The August Conflict | Economic Impact on Georgia?
Tbilisi radar, destroyed by a Russian missile
In Georgia, attention now turns towards sorting out the impact of the short August conflict. How plausible is the reporting we are seeing? Do the journalists get it right?
Here's one account by the New York Times, outlining some of the damage and the upcoming challenges.
Click here for the complete article (access is free, but it will require you to register; we can make the article available to you directly as well).
Posted on an e-mail newsgroup focusing on Georgia, this NYT article quickly drew a response. Here is what (Dr.) George Welton, a consultant we have worked with extensively and who has done various research projects in Georgia, had to say:
"This is sufficiently fishy to warrant comment. First, ‘Caucasian Tiger’ gimme a break. As far as I could tell before the war the economy was vastly overheating with an inflated property market and a banking sector expanding way too fast (is there any other city in the world with this many ATMs?) But more importantly, Georgia was still not really producing anything that the world wanted to buy. Two of its largest exports – manganese and copper – have increased their revenues dramatically largely because of the price of resources going up on world markets and agriculture has still not recovered from the Russian market closing (wine is now exporting at about 40% its pre-ban levels – not allowing for inflation). But now everything wrong with the Georgian economy is going to be blamed on the war.
That said, I think that the war damage melodrama is vastly unhelpful.
1/ I don’t really buy this claim of $50 million repair costs for Caucasus Online. Can anyone verify this happened? I know people who were emailing, texting and skyping throughout the war – and there are lots of reasons why a business might want to exaggerate its losses. I have a feeling a lot of Georgian businesses might find they had things hit by the Russians in coming weeks.

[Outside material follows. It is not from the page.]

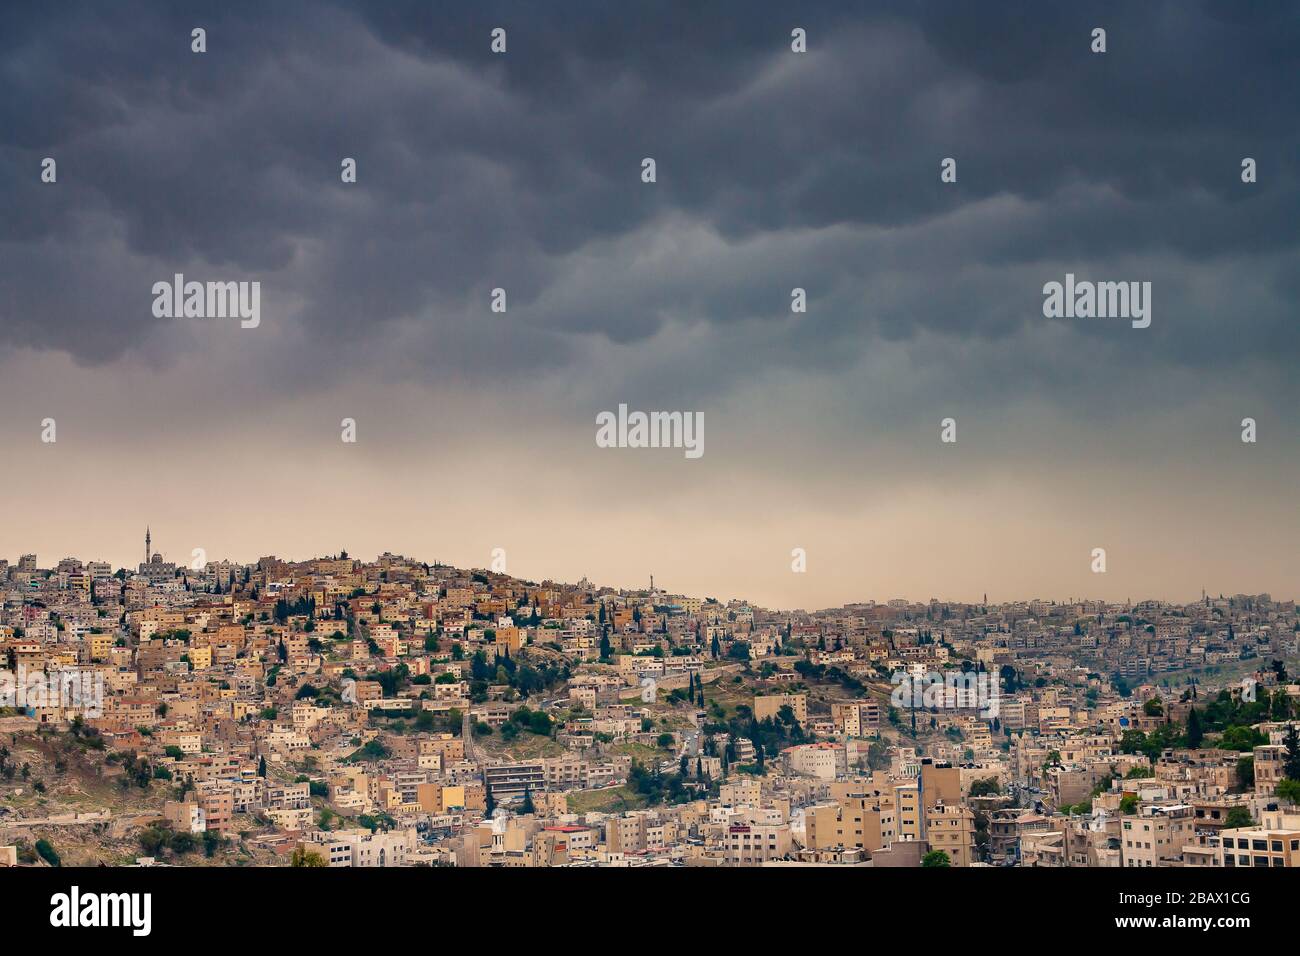 Bedrohliche Sturmwolken, die sich über dicht besiedelten Hügeln der Altstadt von Amman, Jordanien, abzeichnen. Stockfoto

2/ The tourist season has been damaged but ‘Russian tourists?!’. The Armenian tourists (who have to be the vast majority of the Georgian tourist market) will be back next year.
3/ There is no evidence that the fire outside of Borjomi National Park was started with incendiary bombs. The 950 hectares (just under 10 square kilometres) was almost entirely outside the park (the revised Gvt figures put 150 hectares in the park) and even if it had all been in the park, this is only slightly more than 1%. Borjomi did not ‘burn’.
4/ The idea that the Russians targeted infrastructure or that they might in the future is completely unsupported by the evidence. One train bridge (right next to another train bridge which almost immediately replaced it) was destroyed. None of the key infrastructure (Inguri dam, the BTC pipeline, the ports etc) were damaged significantly.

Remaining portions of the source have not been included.